TASK GOAL: Without including the pictures, copy each line below exactly as it reads.

GIVEN INFORMATION:
--- --- ---

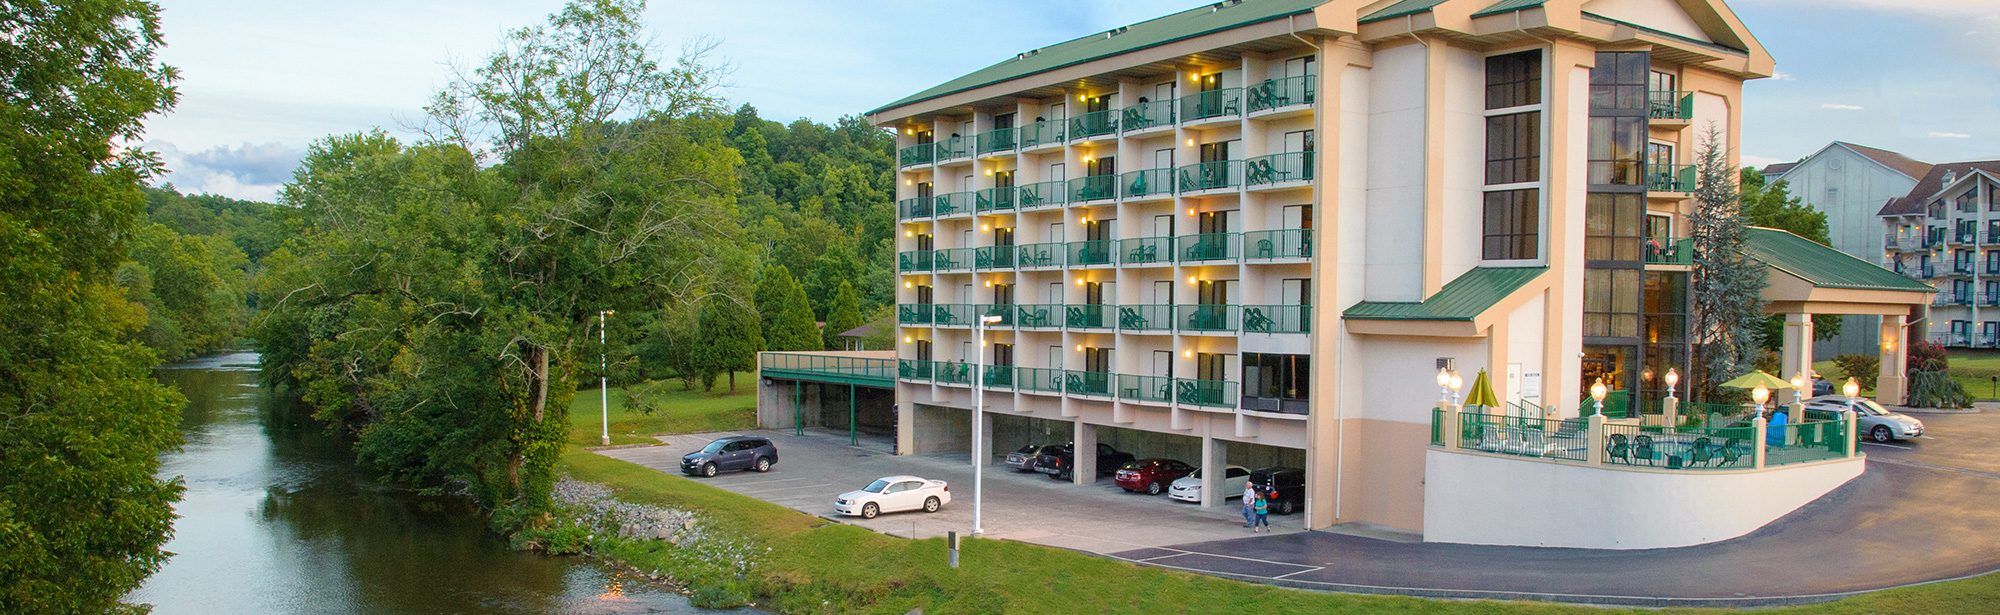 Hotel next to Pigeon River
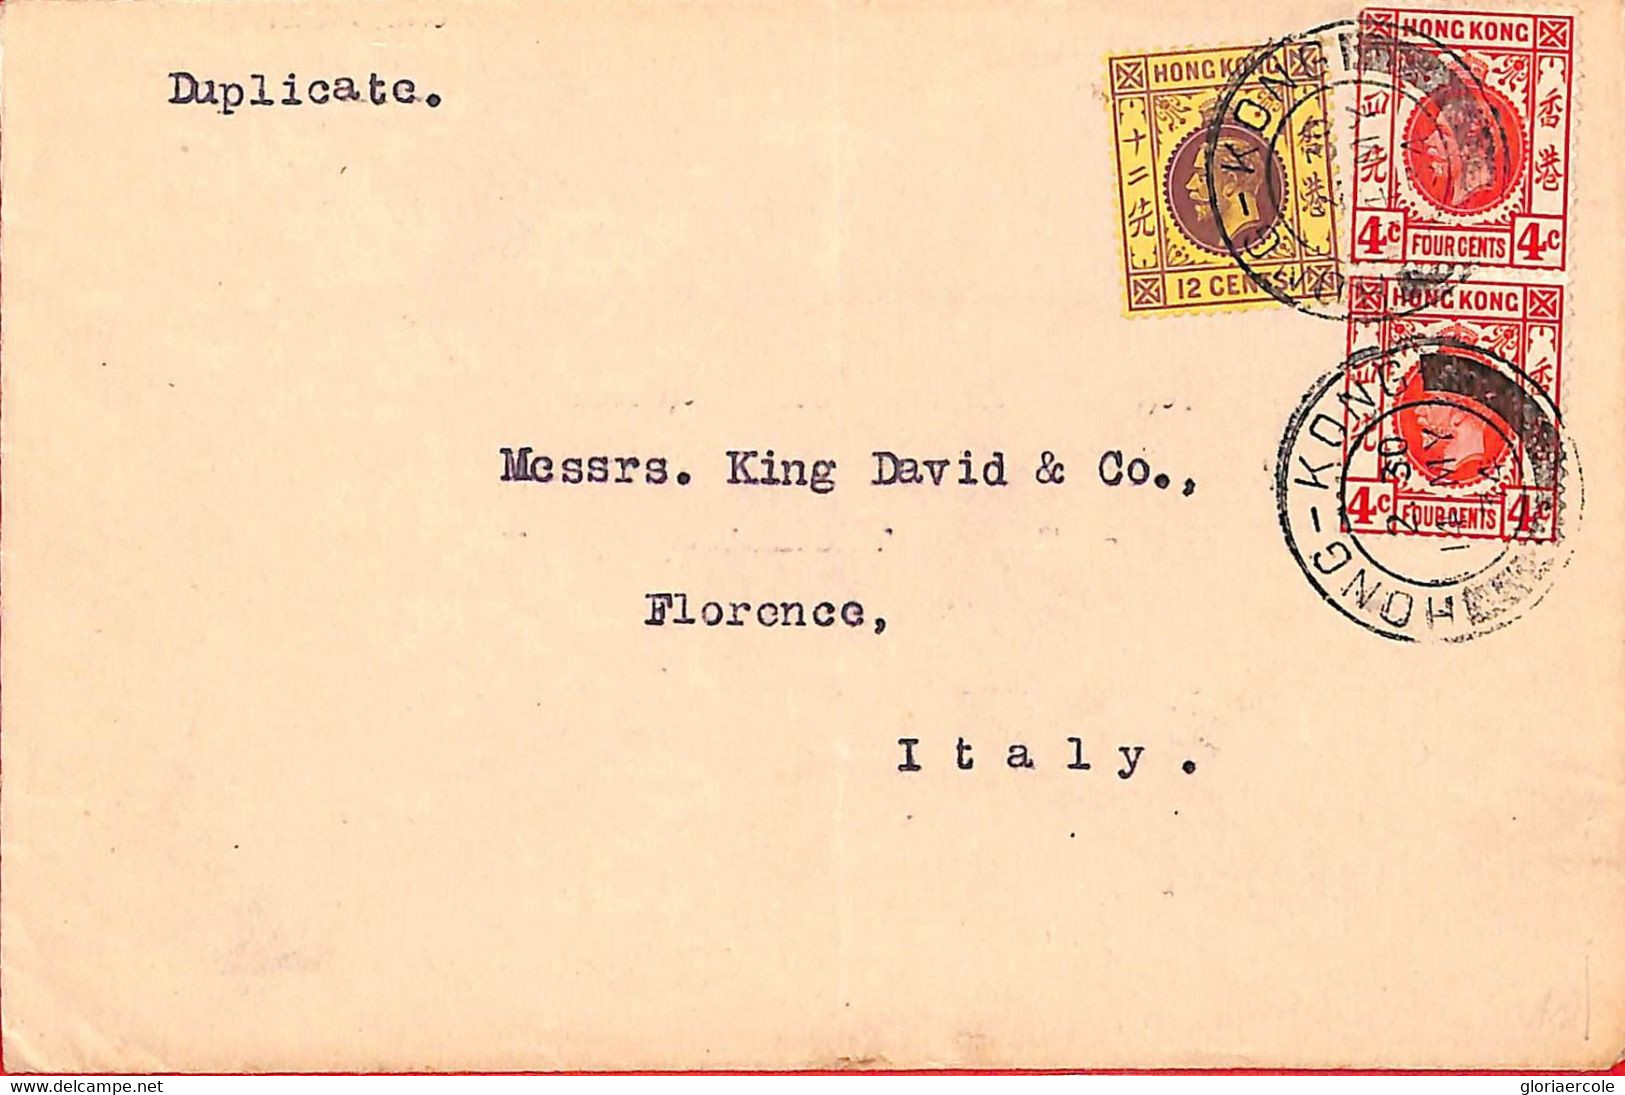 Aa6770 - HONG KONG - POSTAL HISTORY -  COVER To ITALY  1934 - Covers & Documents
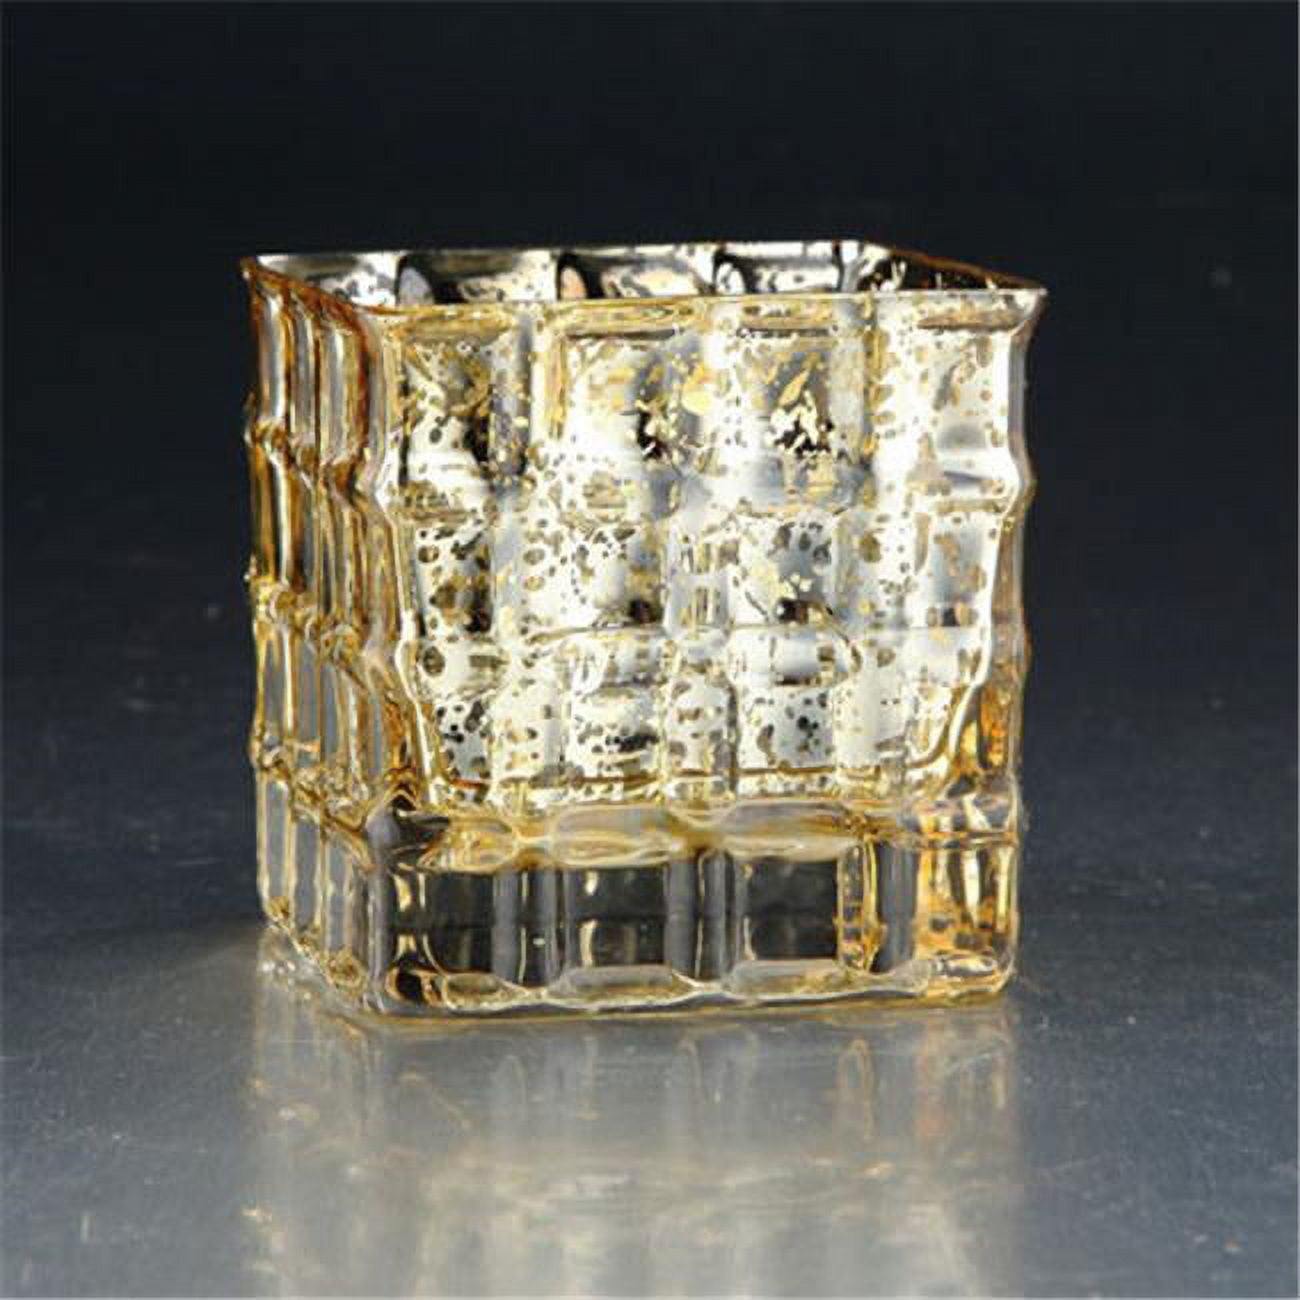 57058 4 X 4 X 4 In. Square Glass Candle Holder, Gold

--- --- ---

ANSWER SECTION:
 Hotel next to Pigeon River
 Aa6770 - HONG KONG - POSTAL HISTORY -  COVER To ITALY  1934 - Covers & Documents
 57058 4 X 4 X 4 In. Square Glass Candle Holder, Gold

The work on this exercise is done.